The agreement requires the tribe to pay states $500 million a year or $2.5 billion over five years for the right to monopolize.
The deal has been under fire since it was approved by the state legislature and DeSantis in May 2021 as many believe it violated Indian game regulations laws. However, while the Bureau of Indian Affairs’ new rules have been taken off Indian soil, it says bets through tribal servers are legal as long as the state agrees. These rules take effect on March 22.
With court cases ongoing in both the Florida Supreme Court and the U.S. Supreme Court, Seminole launched its Hard Rock Bet platform on Nov. 7, 2023, and began opening offline sportsbooks across Florida a month later.
WFA has been trying to find a way to invalidate the compact since Seminole was approved by DOI in fall 2021, saying its monopoly on digital sports betting would be detrimental to their business. The company owns two Paris Mutul in South Florida.
COURT: Quo Warranto does not replace imperative relief
The WFA argued in a Florida Supreme Court filing that the 2021 agreement and subsequent approvals from the state legislature and DeSantis violate Florida law after the Third Amendment was passed by voters in 2018.
The law, Articles X, and 30 require that the expansion of the game go to the electorate, but this was not the case. In the government’s response to the WFA petition, the WFA wrote that the court should deny the petition “because it seeks a declaration of the substantive constitutionality of the legislated law.” 슬롯머신
It is that argument that the court has reserved its opinion.
“As we will explain, (DeSantis et al.) agree that respondents cannot replace what petitioners seek, such as declarative and prohibitive relief, on the substance of the law that ratifies game contracts,” Sasso wrote.
She went on to explain why:
“The petitioners claim that the governor and the Legislature “exercised their respective powers inappropriately” because the substance of the Convention reflected in Articles 285.710(3)(b)(14) and 849.142 and the Florida Statute (2023), the Enforcement Law, is inconsistent with Articles X and 30.

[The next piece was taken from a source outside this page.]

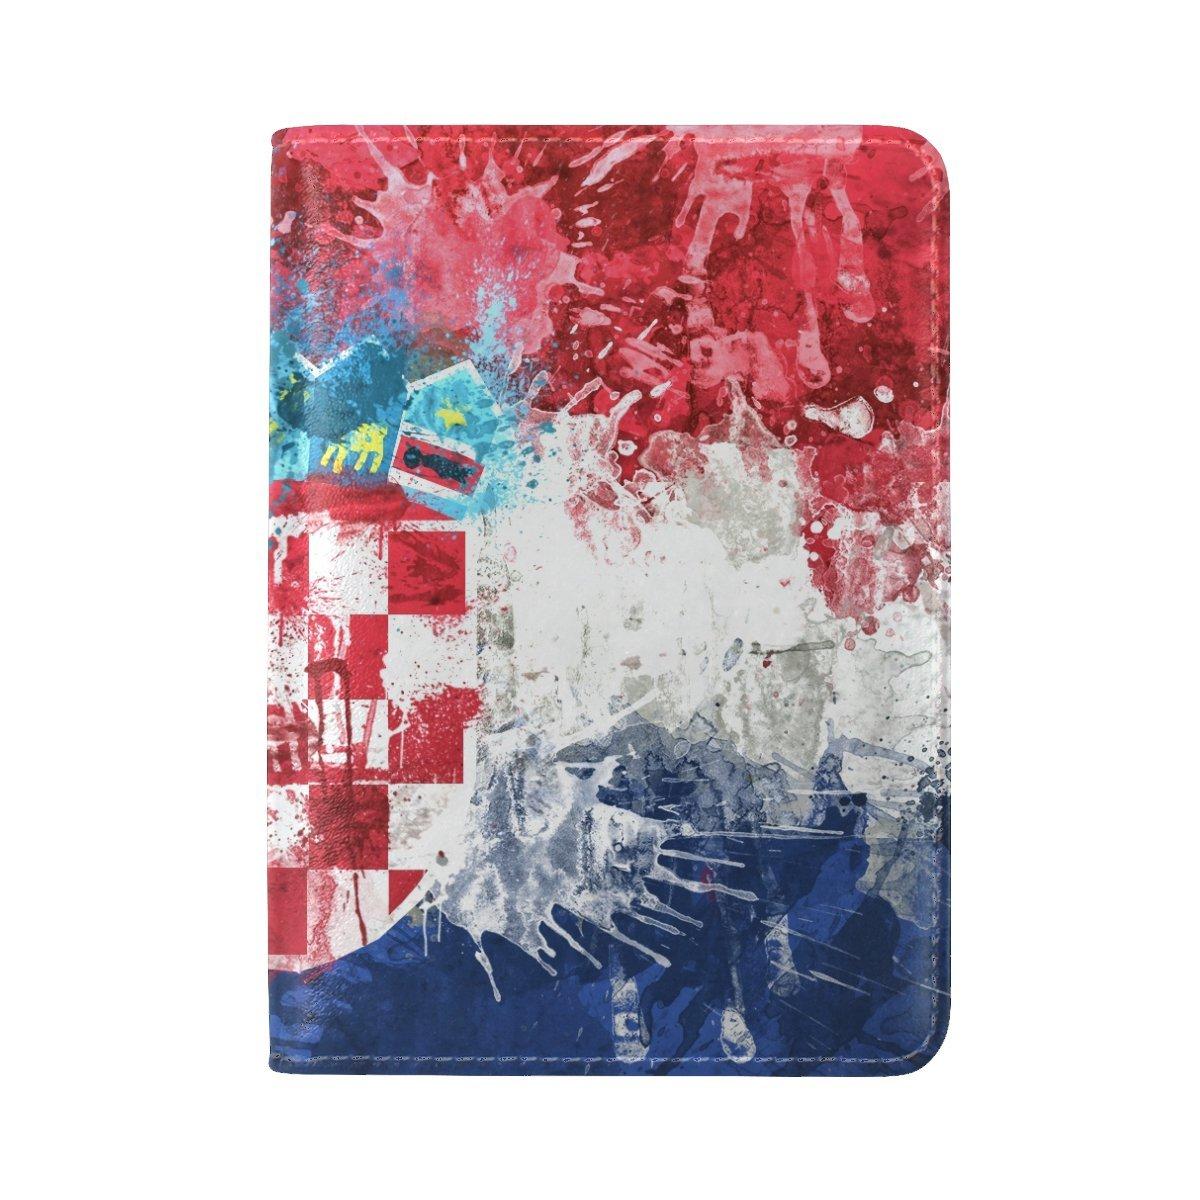 Croatia Flag Republic Background Texture Paint Coat Leather Passport Holder Cover Case Travel One Pocket

“This is problematic because no matter how far the use of the status quo warrant is from its original function, this court has never allowed petitioners to use the warrant in the manner sought to address the substantive constitutionality of the enacted law … Furthermore, we have made clear that the status quo warrant is not a replacement for declarative and imperative relief. See Detzner vs. Anstead, 256 So. 3d 820, 823 (Friday 2018).”
In her opinion, Sasso does not directly address whether the contract and its approval are out of scope, but the type of application is not appropriate for the request.